A few weeks ago, I asked my Facebook pals to tell me what they were surprised by, or unprepared for, on their first visit to Italy. It was a fun thread, and it helped me to remember some of my first impressions of my now home.
Unsurprisingly, a lot of food-related things came up, so I’ve decided to turn the info I gathered into a post about Italian food. Grazie mille to everyone who contributed!
Note: Since originally posting this article, I got some great feedback from readers, and I’ve updated it to include five more “Italian” foods that don’t exist in Italy!
One great point that a reader made is that it’s kind of difficult to talk about “Italian” food in some ways, because Italian cuisine varies widely from region to region. It’s good to keep that in mind when you’re here. For example, you’ll find cacio e pepe at just about every restaurant in Rome, but when I lived in Padua, I think I saw it twice on menus there.

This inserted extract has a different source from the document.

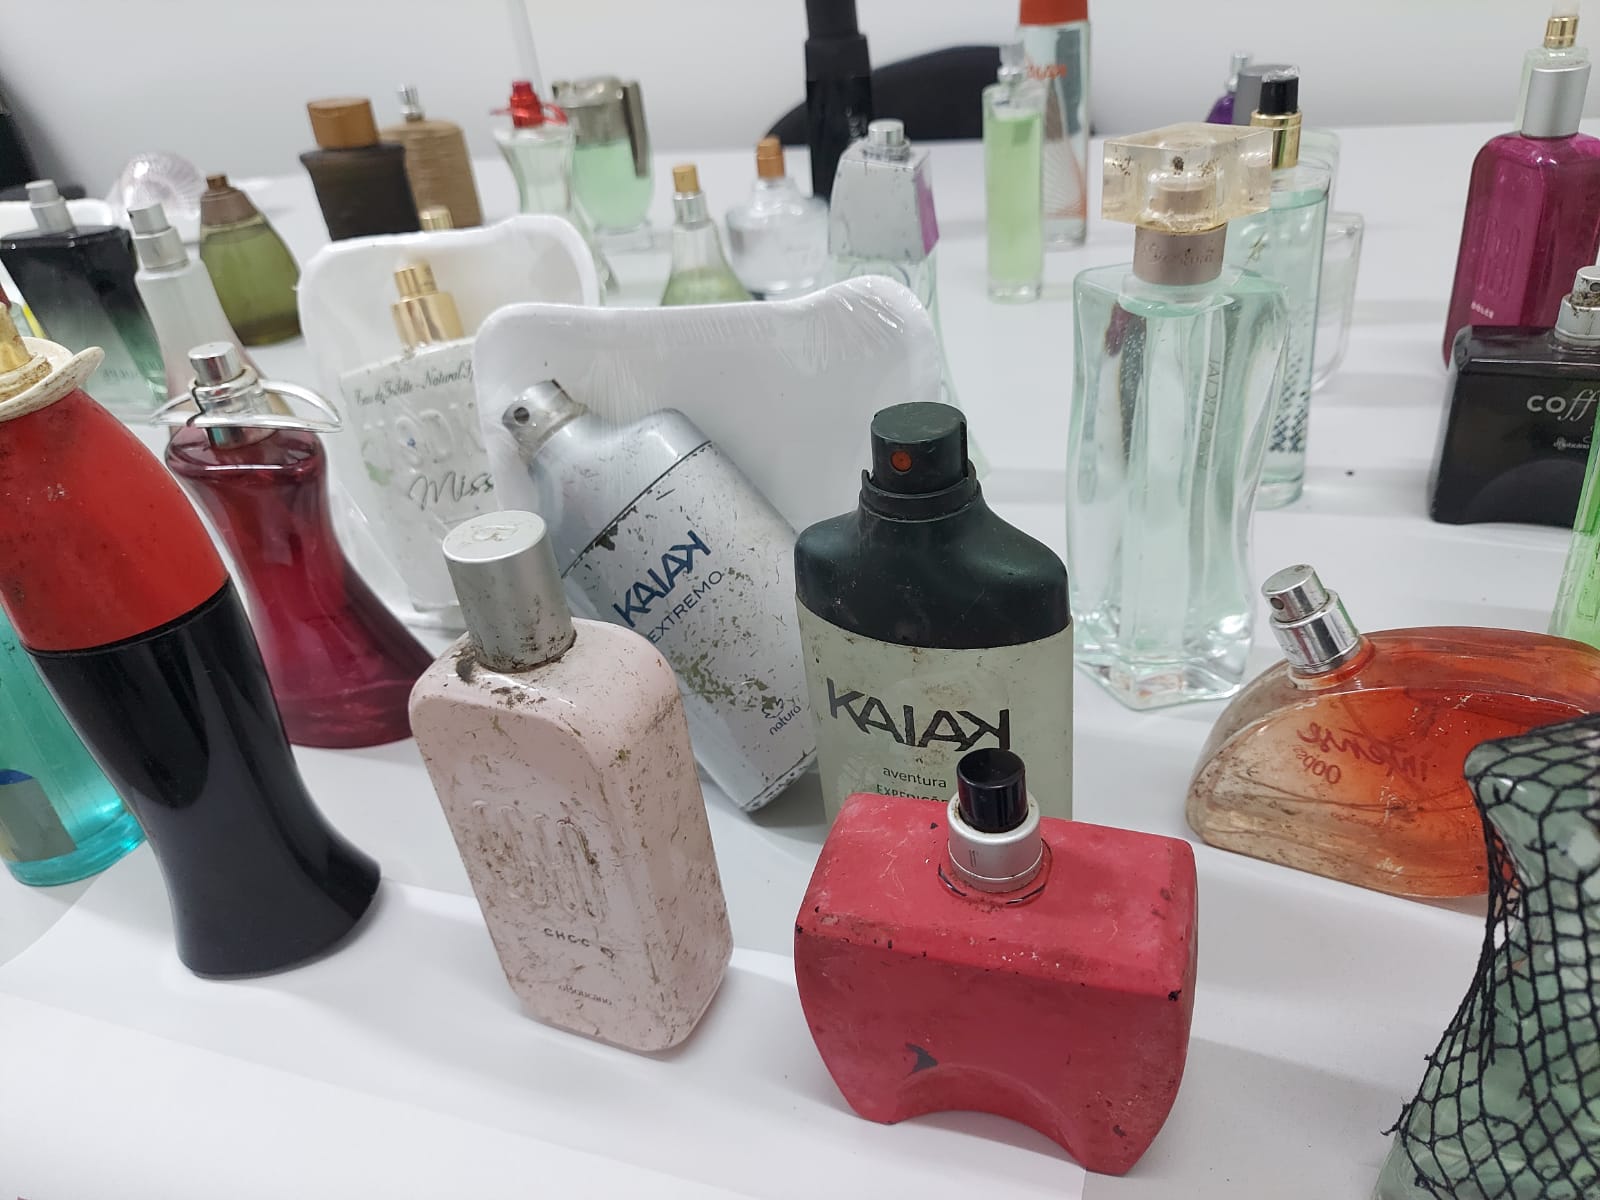 Procon de Içara apreende 62 perfumes adulterados

It’s a great idea to research the cuisine of each region of Italy before you visit so you know what to expect. My friend Samantha has done a great job of outlining regional cuisine on her beautiful, thoroughly-researched website, Regions of Italy. Each detailed section features information on the food and wine of the region, as well as tips on what to eat and where to eat it.
What I’ve learned from
eating my face off researching for this post is that Italian food outside of Italy is sometimes a variation or adaptation of a traditional recipe, it sometimes doesn’t come close to anything that’s eaten here, and sometimes, it doesn’t exist at all.
Italians use the phrase “non esiste” both to describe things that don’t exist, as well as things that are unacceptable. In keeping with that expression, this post consists of a mix of things that properly do not exist (e.g. Italian dressing) or things that don’t exist in the more figurative sense of being unacceptable (e.g. cappuccino after breakfast). Where possible, I’ve suggested what to order instead!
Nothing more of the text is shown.